The required opinions and consents are listed on an Exhibit Index attached hereto and filed herewith.

UNDERTAKING

The Company hereby certifies to the Commission that (i) it has instructed its bank to pay the Commission the filing fee set forth on the cover page of this registration statement by wire transfer of such amount to the Commission’s account as soon as practicable (but no later than the close of business on December 9, 2009); (ii) it will not revoke such instruction; (iii) it has sufficient funds in the relevant account to cover the amount of such filing fee; and (iv) it will confirm receipt of such instructions by its bank during the bank’s regular business hours no later than December 9, 2009.


SIGNATURES

Pursuant to the requirements of the Securities Act of 1933, as amended, the registrant has duly caused this Registration Statement to be signed on its behalf by the undersigned, thereunto duly authorized, in the City of New York, State of New York, on December 8, 2009.

 

MEDIDATA SOLUTIONS, INC.
By:  

/s/    TAREK A. SHERIF        

 

Tarek A. Sherif

Chairman and Chief Executive Officer

Pursuant to the requirements of the Securities Act of 1933, as amended, this Registration Statement has been signed by the following persons in the capacities indicated on December 8, 2009.

 

Signature

 

Title

/s/    TAREK A. SHERIF        

  Chairman, Chief Executive Officer
Tarek A. Sherif   (Principal Executive Officer) and Director

/s/    BRUCE D. DALZIEL        

  Chief Financial Officer
Bruce D. Dalziel   (Principal Financial Officer)
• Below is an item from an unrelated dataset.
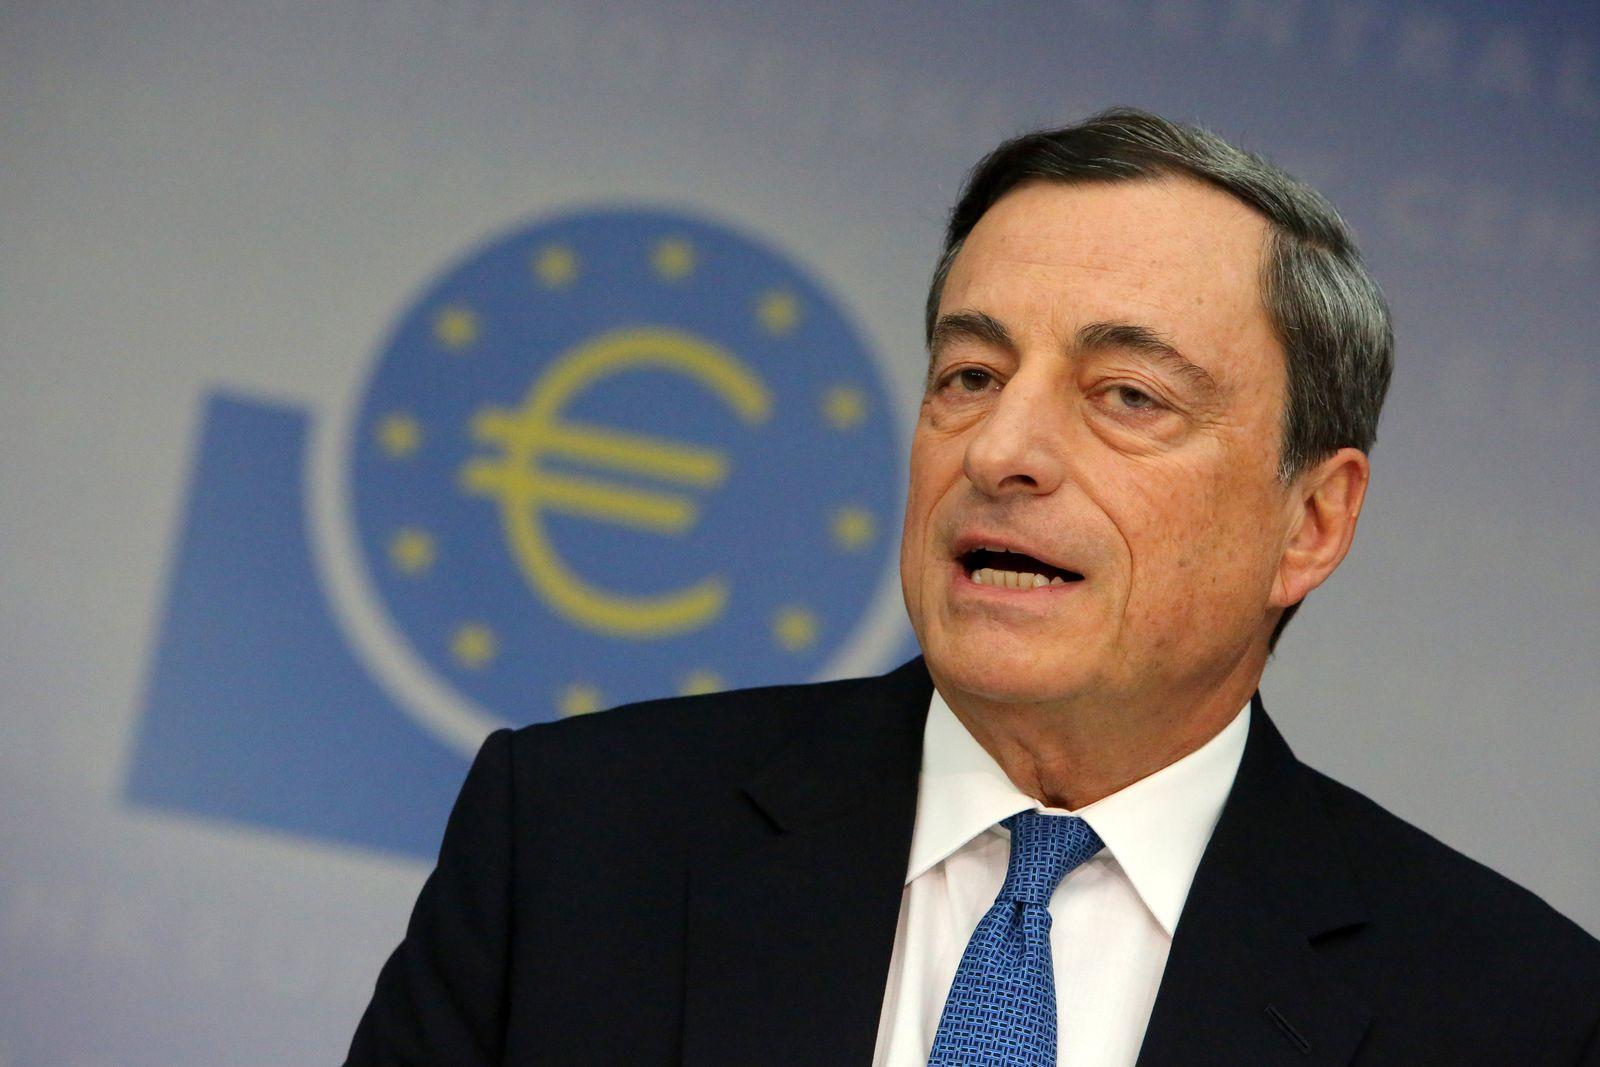 Jahresrückblick 2014 - Mario Draghi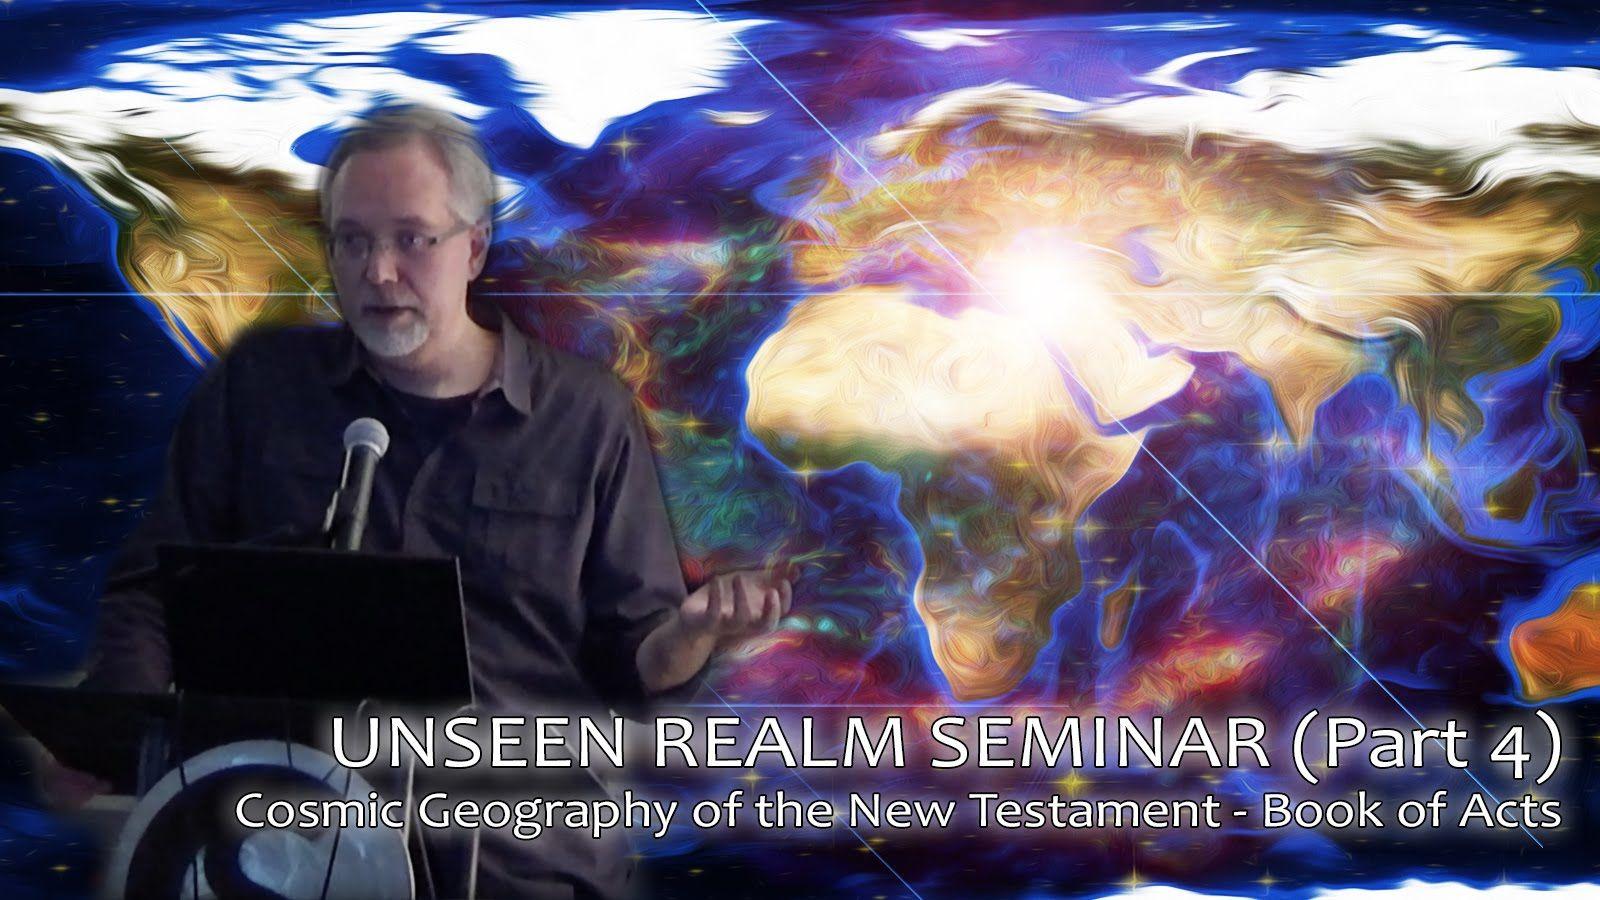 P t 4] UNSEEN REALM SEMINAR w/ Dr  Michael S  Heiser: Cosmic

/s/    CORY DOUGLAS        

  Controller
Cory Douglas   (Principal Accounting Officer)

*

  Director
Glen M. de Vries  

*

  Director
Carlos Dominguez  

*

  Director
Neil M. Kurtz, M.D.  

*

  Director
George McCulloch  

*

  Director
Peter Sobiloff  

*

  Director
Robert B. Taylor  

 

* By:  

/s/    TAREK A. SHERIF        

 

Tarek A. Sherif

Attorney-in-Fact


EXHIBIT INDEX

 

Exhibit

No.

 

Description

  5.1   Opinion of Fulbright & Jaworski L.L.P.
23.1   Consent of Fulbright & Jaworski L.L.P. (included in Exhibit 5.1).
23.2   Consent of Deloitte & Touche LLP.
23.3   Consent of Deloitte & Touche LLP.
   24.1 *   Power of Attorney of Tarek A. Sherif.
   24.2 *   Power of Attorney of Bruce D. Dalziel.
   24.3 *   Power of Attorney of Cory Douglas.
   24.4 *   Power of Attorney of Glen M. de Vries.
   24.5 *   Power of Attorney of Carlos Dominguez.
   24.6 *   Power of Attorney of Neil M. Kurtz, M.D.
   24.7 *   Power of Attorney of George McCulloch.
   24.8 *   Power of Attorney of Peter Sobiloff.
   24.9 *   Power of Attorney of Robert B. Taylor.

 

* Incorporated by reference to the same numbered exhibit to Medidata Solutions, Inc.’s Registration Statement on Form S-1 (SEC File No. 333-163235) filed on November 19, 2009.